A second aqueous coating composition containing 20 percent of Rohm & Haas' Rhoplex E-1126 film-forming elastomeric polymer latex and about 1 percent A-187 epoxy silane was topcoated onto some of the glass substrate containing the discontinuous phase cured, dyed polymeric particles. The two polymeric compositions were present in the cured coating at approximately equal proportions by weight to give a total film thickness of about 0.5 mm.

The substrates coated only with the first coating composition were easily stripped of the coating showing poor adhesion of the coating to the glass, and the colorant leached by a hot detergent mixture (0.1 percent Tide detergent at 80.degree. C. for 10 minutes). By contrast, the top coated substrate contained a coating which adhered well and was not leached by the same detergent washing.

Claims

1. A coloring agent-containing coating composition comprising in aqueous dispersion: a film-forming elastomeric latex polymer, an epoxy-functional silane, and a coloring agent comprising an acid-functional latex polymer, a mercapto-functional silane, and a cationic dye.

2. The composition of claim 1 wherein said epoxy-functional silane ranges from about 0.4 to about 10 percent by weight on a non-volatile solids basis.

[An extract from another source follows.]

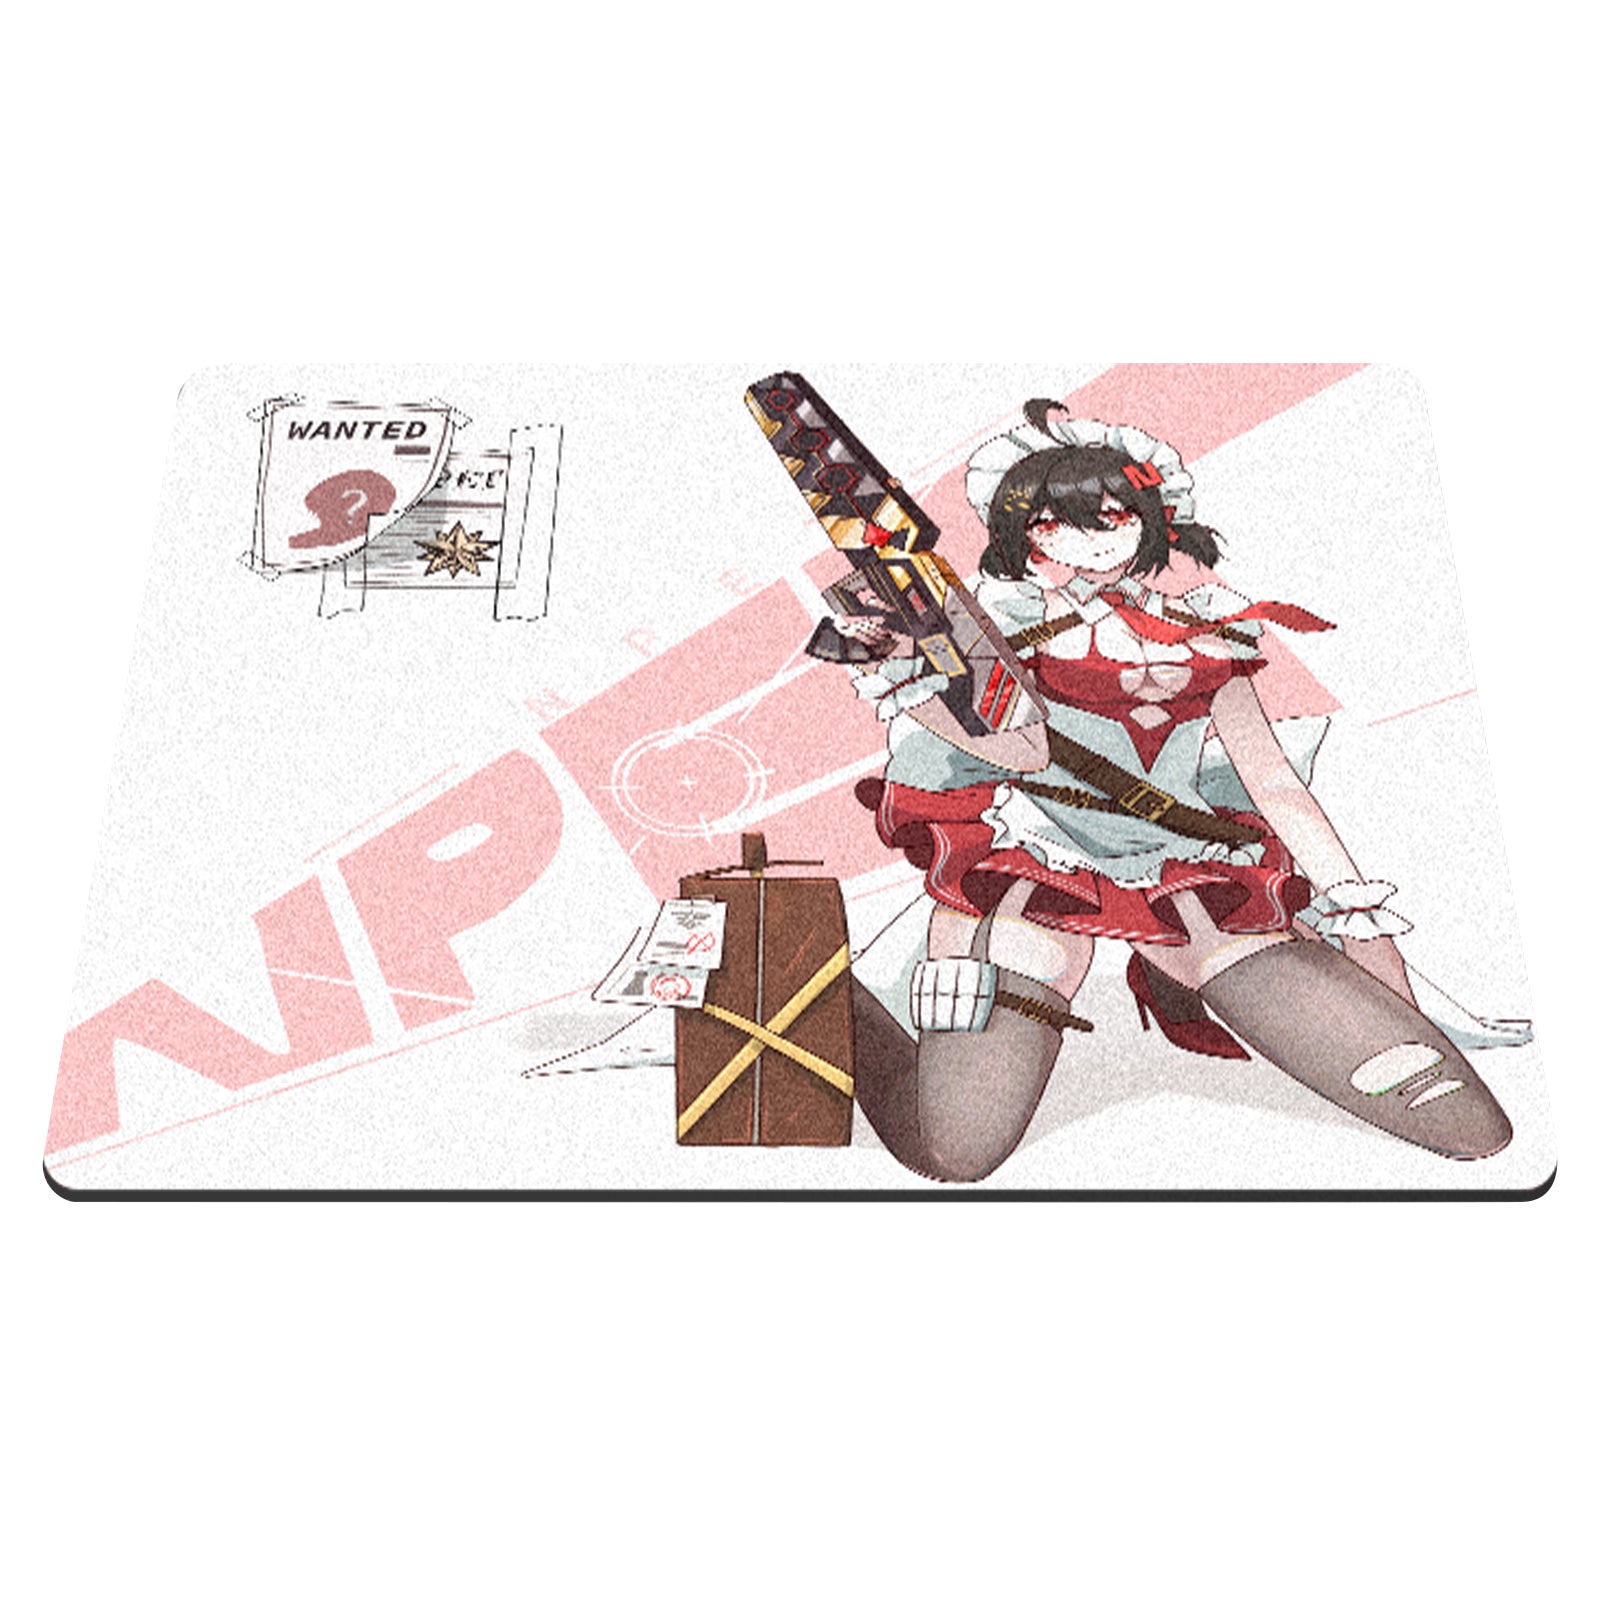 NPET SPEEDM Gaming Mousepad - Resin Surface Hard Gaming Mouse pad,Balanced Control & Speed, No Smell Waterproof Mouse Mat for Esports Gamers [Hard/Fast] White-Okihime, Medium

3. The aqueous coating composition of claim 1 wherein said elastomeric latex polymer ranges from about 10 to about 60 percent by weight on a non-volatile solids basis.

4. The aqueous coating composition of claim 1 wherein said acid-functional latex polymer ranges from about 4 to about 40 percent by weight on a non-volatile solids basis.

5. The aqueous coating composition of claim 1 wherein said mercapto-functional silane ranges from about 0.4 to about 20 percent by weight on a non-volatile solids basis.

6. The aqueous coating composition of claim 1 wherein said dye ranges from about 0.4 to about 20 percent by weight on a non-volatile solids basis.

7. The aqueous coating composition of claim 1 wherein said epoxy-functional silane comprises gammaglycidoxypropyl trimethoxy silane and said mercapto-functional silane comprises gamma-mercaptopropyltrimethoxy silane.

8. A glass fiber substrate at least a portion of the surface of which is coated with a coating of the cured aqueous coating composition of claim 1.

9. A method for imparting color to a glass fiber substrate which comprises coating said substrate with the aqueous coating composition of claim 1 and curing said coating composition.